Friday, September 08, 2006

Scuba Diving - Flying underwater

Enough philosophy! Let me tell you about what I think is the best part of scuba diving.

Did you ever dream you could fly? That you were able to just float upwards and hover? I think we all have. When I was young I had a series of bad fevers, and as a result I had flying dreams while awake. At a time I should have been at my lowest, I loved the 'knowledge' that my body was completely weightless and that only the sheets of my bed were stopping me from floating away.

When I grew older (I'll never grow up) I flew airplanes, tried skydiving, repelling, rockclimbing and other fun psuedo-flying experiences. But none of them ever fully compared to my hallucinations (or enlightenments) of being completely weightless and able to fly of my own accord. Until diving....

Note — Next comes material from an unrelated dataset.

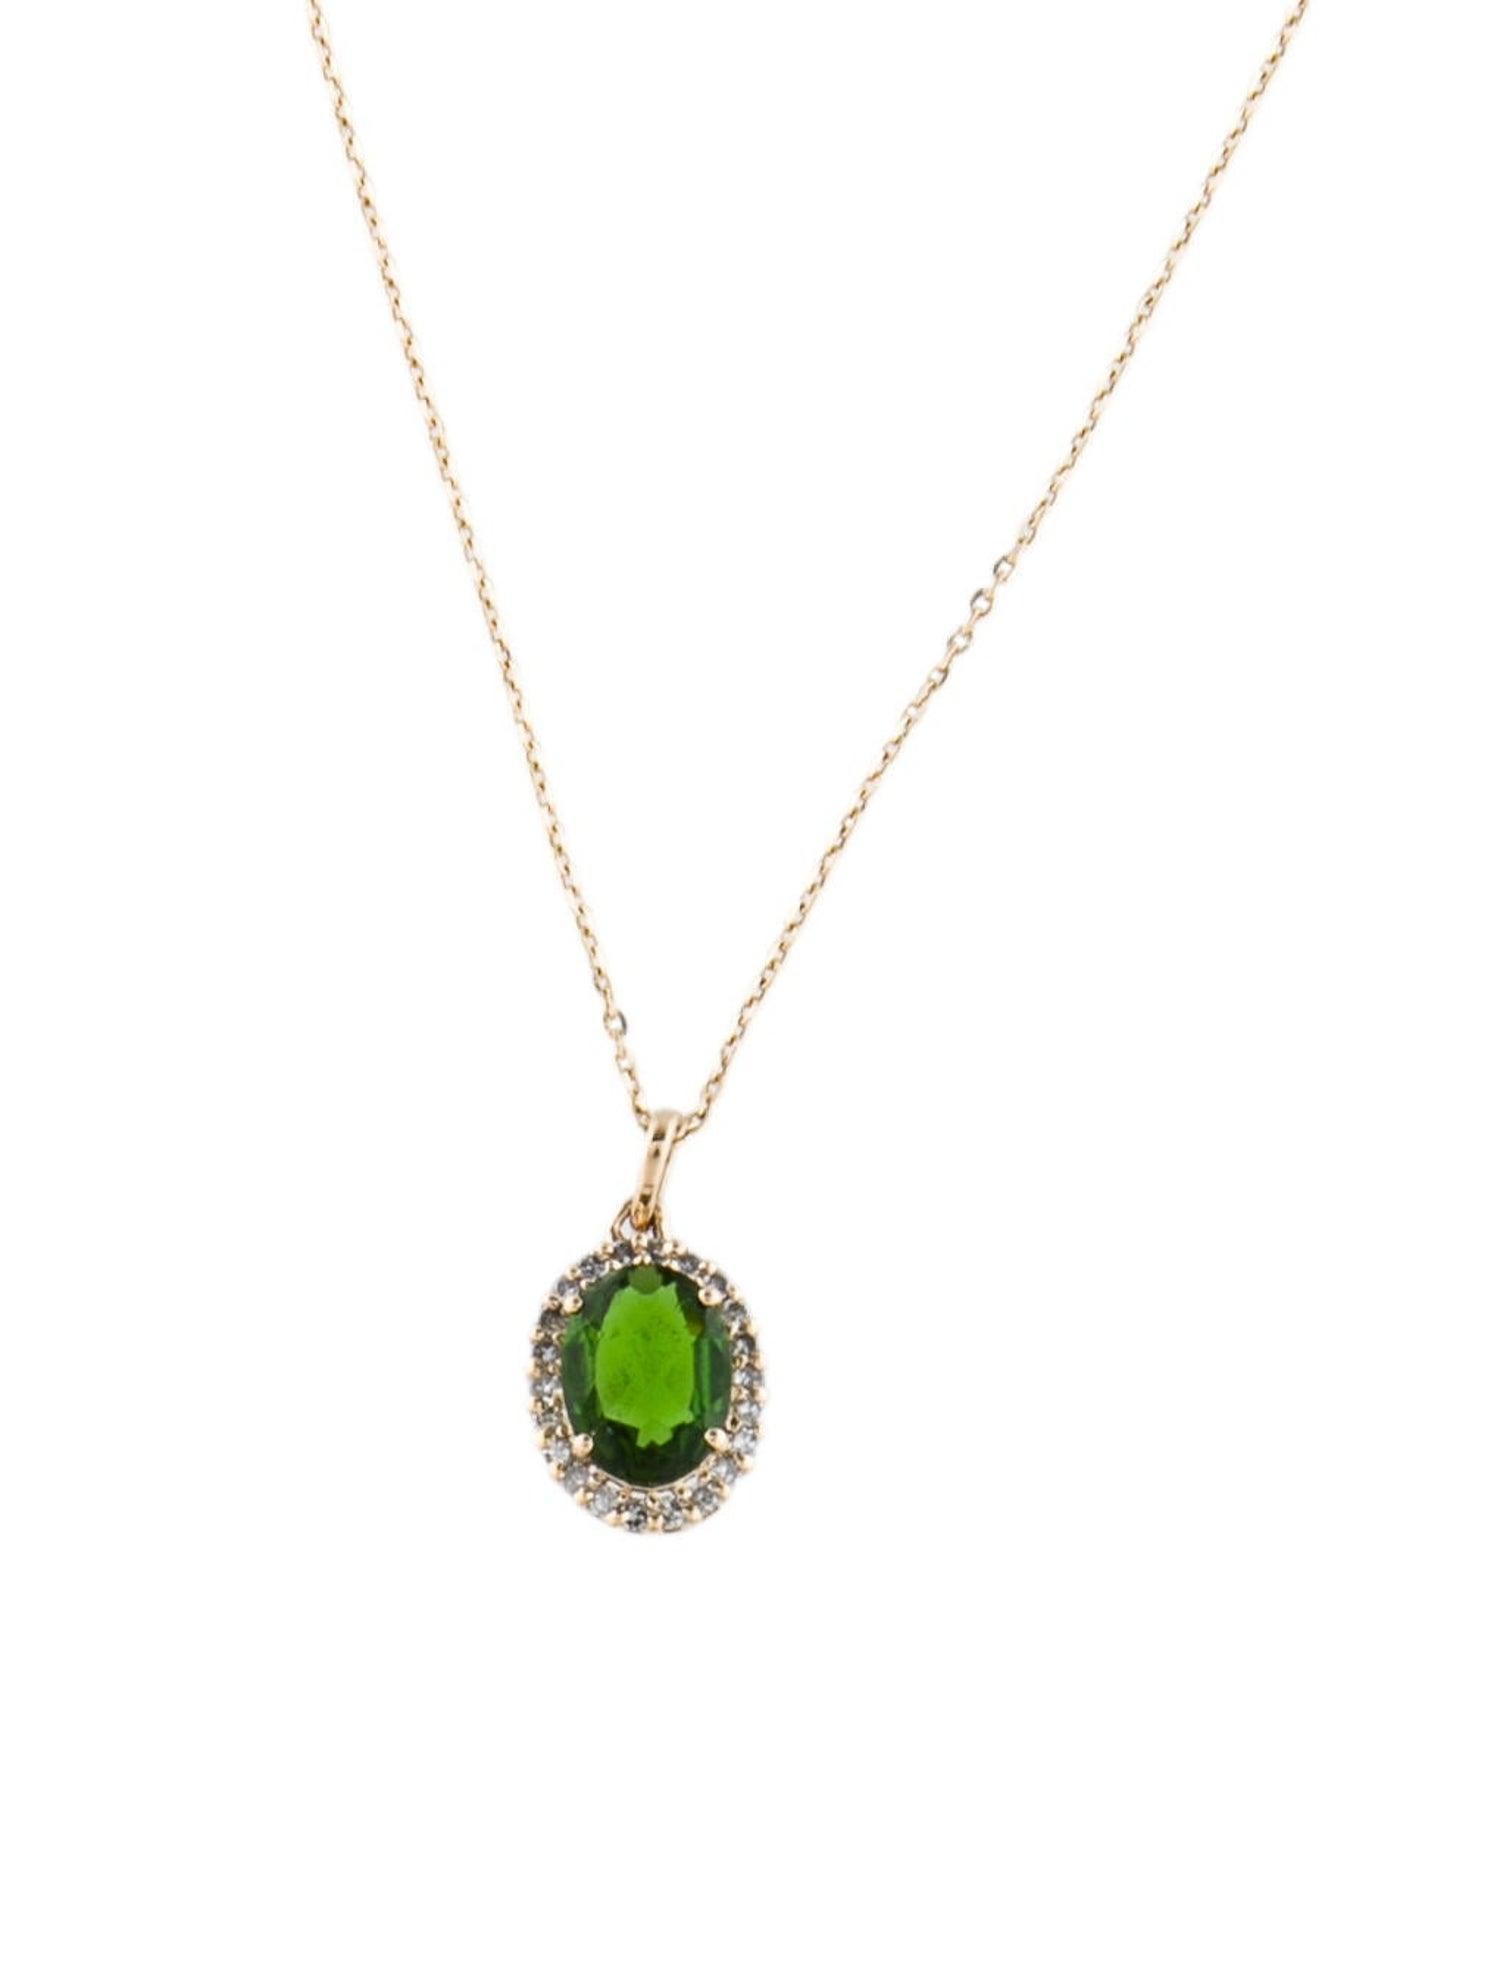 Elevate your style with our Vivid Green Treasure Trove pendant, a radiant masterpiece from the 'Emerald Enigma' collection by Jeweltique. This exquisite piece celebrates the hidden gem of the gemstone world, the mesmerizing Chrome Diopside. Its deep

Once you get a certain minimum of skills as a diver, you can move yourself through the water without active thought. Straight out from your initial certification it's all thinking. Every move is carefully executed and often incorrectly. But once you've got it... you fly.

Scuba divers aim to remain weightless underwater. Gear including your weight belt and buoyancy control device (a vest or harness that also holds the tank) allows you to adjust your total weight to match that of the water you're displacing. The result, neutral buoyancy. Total weightlessness. From this point the zen experience begins.

Once weightless underwater, the air in your lungs is your dominant control for your position. Breath in a little deeper and you ascend. Blow out a little extra and you sink. It's real flying! Total control of your position in space, simply because of the way your breath.

Needless to say, it takes some time. New divers tend to breath hard and heavy. The experience has frightening aspects of claustrophobia, the unknown, cold, darkness, etc.. But once those aspects become normal, and proper weighting and buoyancy are habit, then barely more than a desire to rise makes it happen slowly and gracefully.

I love being underwater. I like the colours, and the fish, and exploring, and the whole community of cool people who are attracted to diving. But most of all, I've known my whole life what it was like to be able to fly... that I could fly. And now, I've finally found out how. The hallucinations, merely prognostications of how I would feel when I finally learned how to fly.